Kimberly Clark (KMB)
In late February Kimberly Clark was pegged as a breakout candidate. Shares had just broken out of a long-term converging wedge pattern by breaking above the upper boundary of a shrinking trading range.
That effort actually petered out soon thereafter. But, the potential never really went away. With a small pullback and the reversal at the exact right place, that effort has been rekindled bigger and better than it was three weeks ago.
• The lull in late February and early March was the perfect pullback and regroup. All it took was a brush of the purple 50-day moving average line (highlighted) to supply the rally’s second wind.
• The next most plausible target is currently around $126, where the resistance line that’s tagged the peaks from 2016 and 2017 awaits. That resistance marked with a yellow dashed line.
Morgan Stanley (MS)
Most interested investors respect the 1.5% gain Morgan Stanley made on Friday, and the 4.7% advance it booked for the week. That’s more than the broad market mustered.
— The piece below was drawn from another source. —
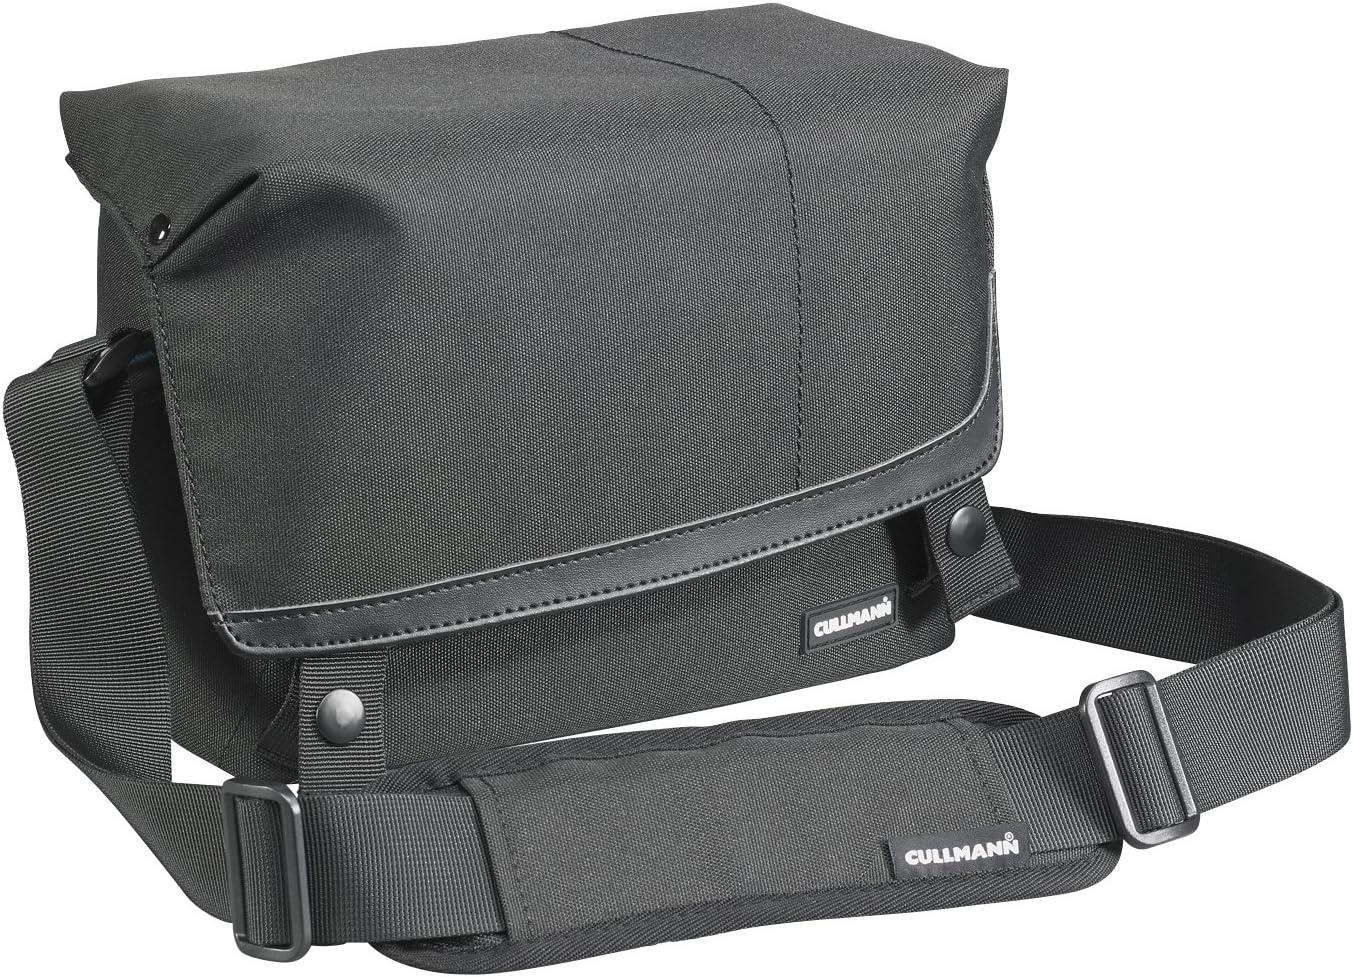 Cullmann 98180 Madrid Two Vario 200 Schwarz Kameratasche Innenmaße Bxhxt 90x140x75mm

There’s far more to Friday’s action than readily meets the eye, however. With that small move, MS made a big dent in a ceiling that had been guiding it lower for months now. Better still, it did so on higher volume, suggesting there’s a swath of potential buyers waiting in the wings.
• On the weekly chart, we’ve got a bullish MACD cross and a Chaikin line that’s above zero, confirming the undertow is bullish.
• If the breakout thrust gets traction, the line to watch as a potential technical ceiling is the white 200-day moving average line, currently at $45.62.